A great many expat journalists in exotic places will recognize something of their own lives, not to mention their own selves, in Rowan Somerville’s first novel “The End of Sleep.
The central character is an Irishman named Fin, who arrived in Cairo a few years back with a white linen suit and pretensions to journalistic greatness.
Having obtained a job on a very minor English-language newspaper, he then began to drift, to drink and to lose all interest in his original mission.
By the time the readers catch up with him in chapter one, the only subject he has any enthusiasm for writing about is food, specifically kebabs.
Fin’s sacking from the newspaper after a drink-fuelled incident downtown leaves him dangling in a professional and existential void. This he attempts to fill by catching up with a rather annoying acquaintance named Farouk, who leads him on a wild goose chase involving buried treasure, confused identities, abduction and a rather nasty dip in the Nile.
His motivation for acquiescing in this goose chase forms a central theme.
Held in a vice-like fear that his life has no particular meaning, and that he has no particular worth, he becomes obsessed with obtaining a scoop, the story of buried treasure that will renew his sense of professional purpose and make his boss sorry for letting him go.

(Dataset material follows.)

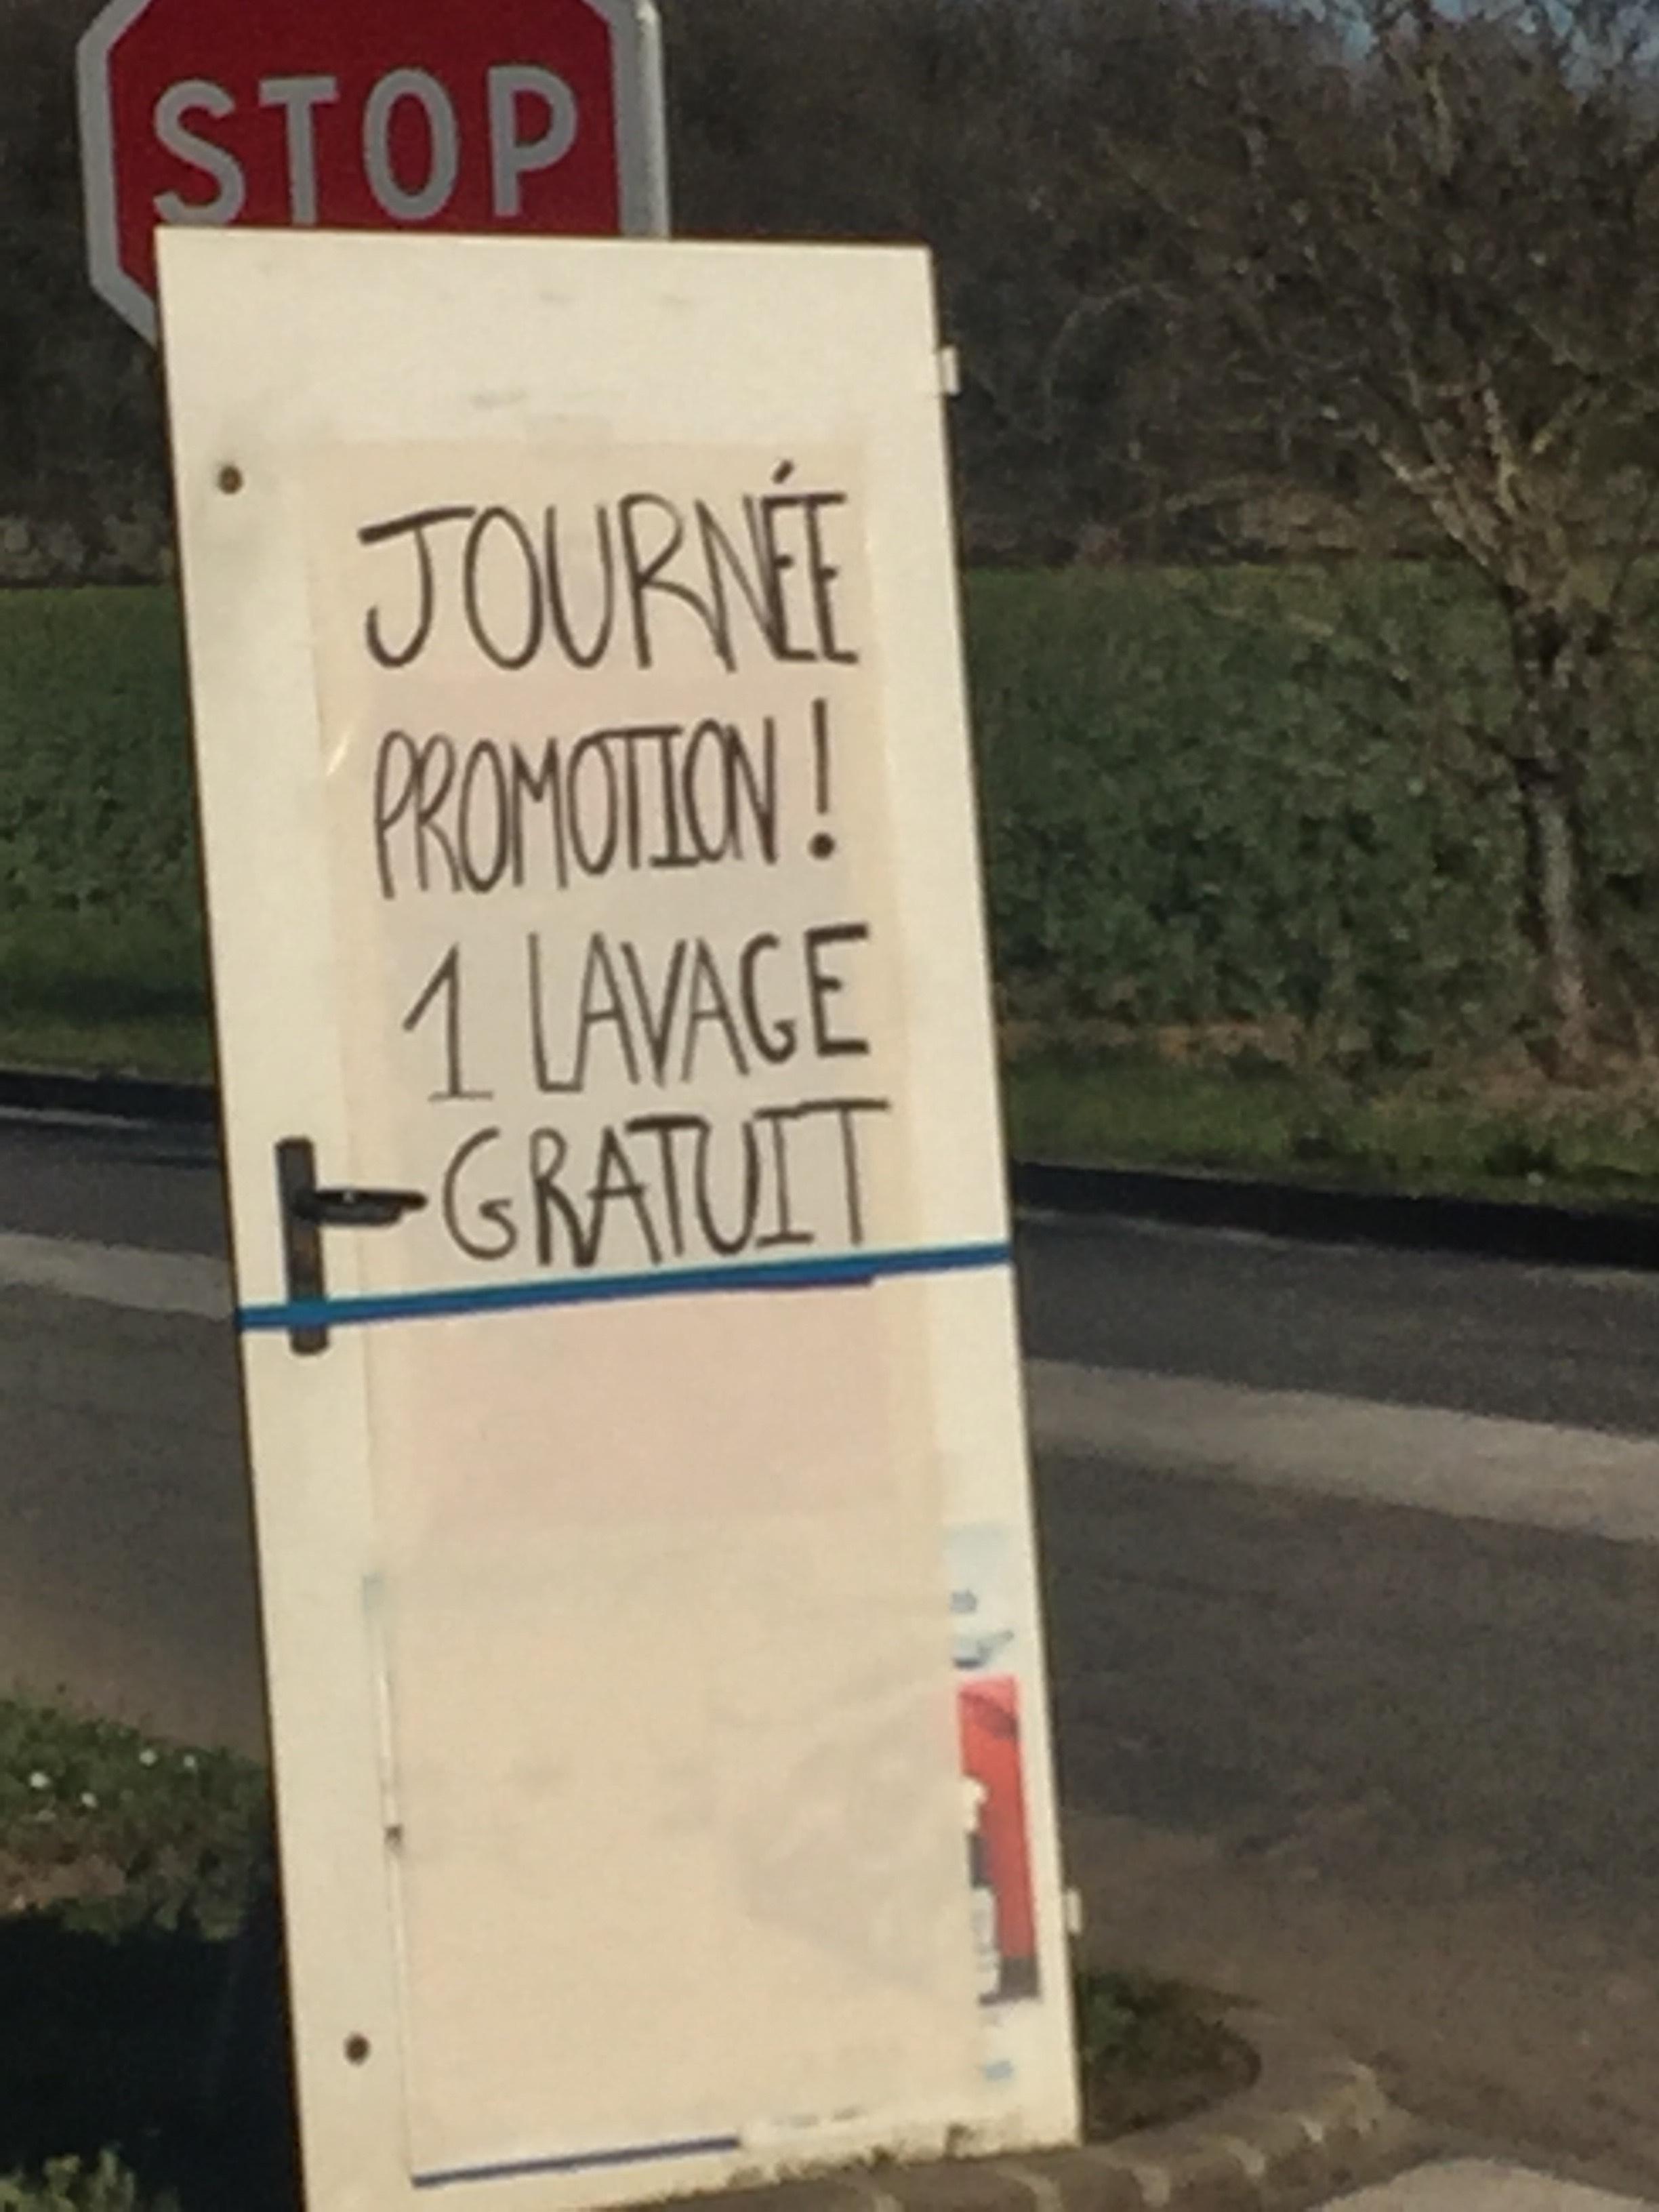 Lavage voiture gratuit - Vlc Lavage Villeneuve le comte (77)

While the tale reads something like a fast-paced detective novel, Somerville’s style is suffused with dry wit and peppered with humorous analogies. His humor is aided by the color and contradictions of the setting, Cairo, with its manic taxi drivers, ramshackle construction and the tendency of passersby to lend their services in the resolution of disagreements between strangers.
Somerville’s depiction of the city is largely by means of caricature, and some natives of Cairo may find this a little tiresome. But it is also clear that the author has a great affection for the place, as exemplified by his reverent depiction of the Ibn Tuloun mosque, which Fin stumbles across one night in a moment of dire need.
Fin loves the mosque “for its extraordinary shape and its antiquity, for the 20,000 city faithful who had worshipped under its roof in the 9th century, for the legend of the lion with blue eyes kept by Ibn Tuloun’s son as he passed the days floating on a cork mattress in an artificial lake filled with mercury, for the great Ottoman emir who had ridden his horse up the spiral stairs and leapt off the summit into paradise.
Among the most prominent caricatures is that of Farouk, a resident of a village on the outskirts of Cairo, who lives in a world of absolutes, certain of his rightness on every subject under the sun.
While his arguments have the merit of sublime linguistic skill, peppered as they are with apt proverbs; a great many of his beliefs strike the skeptical Fin as contradictory to the point of absurdity.
From time to time, Fin’s frustration boils over, such as when he challenges Farouk over the practice of sacrificing rabbits in order to cure the “evil eye that has cursed his car, a practice that Farouk claims is wholly in accordance with his Muslim faith.
On another occasion, Farouk asserts that the only wood suitable for the cooking of aubergines is that of the olive tree. When Fin suggests that oak might also be nice, Farouk states that if Allah had wanted aubergines to be cooked on oak, he would have populated the desert with oak trees, which he clearly didn’t. Discussion over.
While such spats are humorous in themselves, they are also a vehicle for illustrating the cultural and interpersonal frustrations of a European abroad.
And while Egyptian readers may find such illustrations as tiring (and possibly insulting) as the caricatures of the city itself, they no doubt spring from the author’s experience as a foreign resident.
As Fin attempts to nail down the facts of his elusive scoop, Farouk evades his questions with seemingly irrelevant side-stories and endless nuggets of advice on everything from the importance of marriage to cooking to piety.
And as Fin’s frustrations mount, we begin to wonder whether there is indeed any treasure buried beneath the desert sands.
Be prepared to stay up late into the night in search of the truth, because this book is a page-turner.
“The End of Sleep by Rowan Somerville, published by Weidenfeld and Nicholson, is available at Diwan for LE 143.